Was this material helpful to you? You can support my work by becoming a subscriber on Patreon for as little as $5 a month. It only takes a minute!

 

NYAG: Bitfinex needs to submit docs and stop dipping into Tether’s reserves

Screen Shot 2019-05-05 at 1.09.10 PMBitfinex was not happy with the New York Attorney General’s April 24 ex parte court order, which demanded that the crypto exchange stop dipping into Tether’s cash reserves and hand over documents that were requested in November 2018. It struck back with a strongly worded motion to vacate, or overturn the order.

On May 3, the Office of the Attorney General (OAG) submitted an opposition to that motion. The agency argues that Bitfinex violated the Martin Act, New York’s anti-fraud law, widely considered the most severe blue sky law in the country.

Legally, Tether and Bitfinex are separate entities, but they are managed by the same individuals. To note, the OAG’s order does not prohibit Bitfinex from operating. Nor does it prohibit Tether from issuing or redeeming tethers (USDT) for U.S. dollars.

The order simply prohibits Bitfinex from helping itself to anymore of Tether’s funds. This, of course, poses a problem for Bitfinex, because it desperately needs cash to stay afloat. (It’s latest effort to fill the gap is a token sale, but that is another matter.)

There are currently 2.8 billion USDT in circulation, and each of them is supposed to be backed 1:1 with the dollar, but as of now, they are only 74% backed.

The alleged fraud

The OAG began investigating Bitfinex late last year. If there is any question as to how Bitfinex allegedly committed fraud and misled its customers, the OAG spells that out clearly in its memorandum. I’m paraphrasing some this. 

Bitfinex failed to disclose to its clients that it had lost $851 million of “wrongfully commingled” client and corporate funds to Crypto Capital, an overseas entity, which it used as an intermediary to wire US dollars to traders on its platform.

Bitfinex knew in mid-to-late 2018 that Crypto Capital’s inability—or unwillingness—to return the funds meant it would have problems filling out client requests to withdraw cash off the exchange. Nevertheless, it told the public that rumors of insolvency were a “targeted campaign based on nothing but fiction.”  

In November 2018, Bitfinex tried to cover up the loss by moving (at least) $625 million from Tether’s legitimate bank account into Bitfinex’s account. In return, Bitfinex “credited” $625 million to Tether’s accounts with Crypto Capital. OAG says the credit was “illusory,” because the money at Crypto Capital was lost or inaccessible.
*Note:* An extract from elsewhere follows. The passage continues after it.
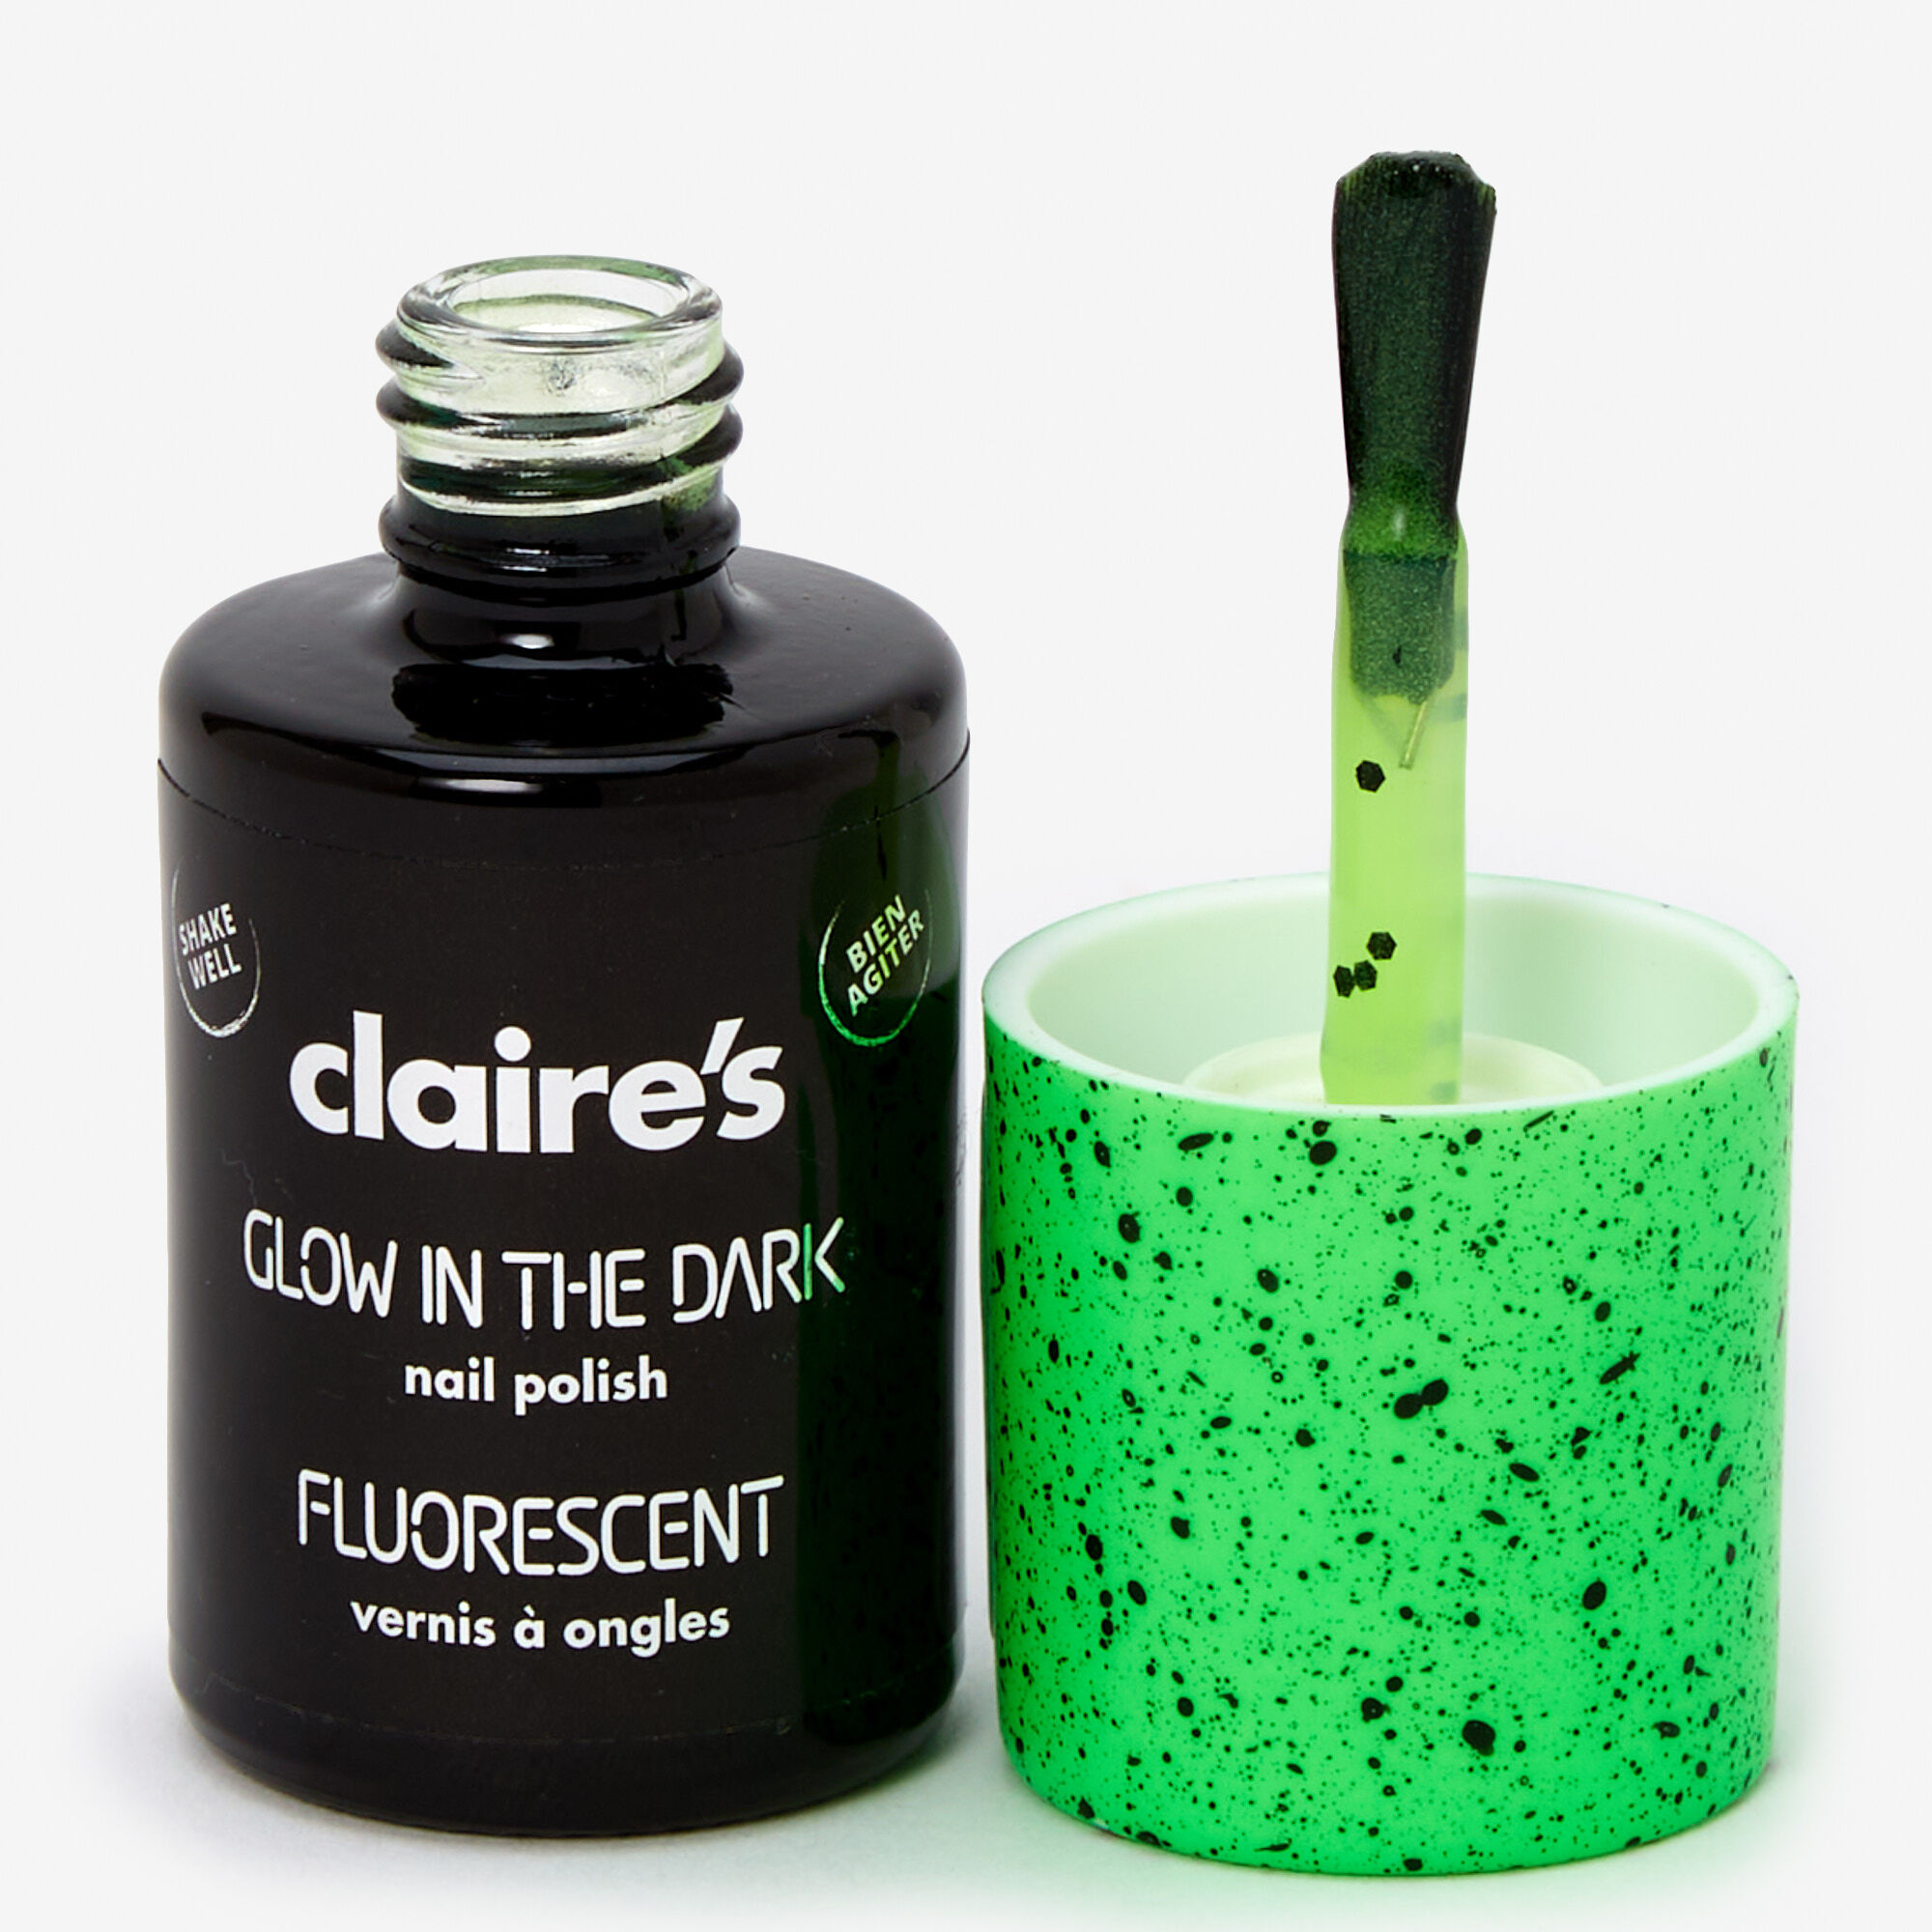 Claire's - Have you tried our glow-in-the-dark nail polish yet

(In its motion to vacate, the OAG notes that Bitfinex contradicted itself by saying the “credit” Bitfinex gave to Tether was $675 million—a $50 million discrepancy.)

Bitfinex later shifted to a new strategy. It engaged in “an undisclosed and conflicted transaction” to let Bitfinex dip even further into Tether’s reserves. The exchange took out a $900 million loan from Tether, secured by shares of iFinex—the parent company of both Tether and Bitfinex. OAG says there is little reason to believe the iFinex shares have any real value, especially in the event iFinex itself defaults.
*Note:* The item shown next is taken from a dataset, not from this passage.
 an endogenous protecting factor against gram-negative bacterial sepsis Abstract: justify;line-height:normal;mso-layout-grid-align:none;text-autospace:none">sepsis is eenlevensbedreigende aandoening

In March 2019, $900 million represented almost half Tether’s available reserves at the time, but Bitfinex and Tether did not disclose this to its customers. In fact, up until February 2019, Tether telling its customers that USDT was fully backed. Bitfinex told the OAG that it has already dissipated $750 million of Tether’s funds.

Bitfinex demonstrates “a pattern of undisclosed, conflicted, and deceptive conduct” that its customers would “find material, and indeed, essential to buying tethers and trading assets, like bitcoin, on the Bitfinex platform,” the OAG said.

In its motion to vacate, Bitfinex argues that the Martin Act stands or falls on whether tethers are securities or commodities. It does not, the OAG says. In fact:

“The Bitfinex trading platform transacts in both securities and commodities (like bitcoin) and is of course at the core of the fraudulent conduct set forth in the OAG’s application.”

Related events

The OAG points to other events that underscore the need to maintain the status quo.

Since the original order, two individuals, Reginald Fowler and Ravid Yosef, were charged with bank fraud in connection with their operation of a “shadow bank.” Fowler was arrested on April 30, while Yosef is still at large.

The operation processed hundreds of millions of dollars of unregulated transactions on behalf of numerous cryptocurrency exchanges and associated entities—“several of which,” the OAG says, are at the center of its own investigation. 

This appears to indicate the OAG’s is looking into other exchanges, which makes sense, given it sent out a questionnaire to more than a dozen cryptocurrency exchanges in April 2018, requesting they disclose key information about their operations.

While the OAG does not specifically state that the “shadow bank” is Crypto Capital, it points to the Memorandum in Support of Detention of Fowler, which said that companies associated with Fowler “failed to return $851 million to a client of the Defendant’s shadow bank.” 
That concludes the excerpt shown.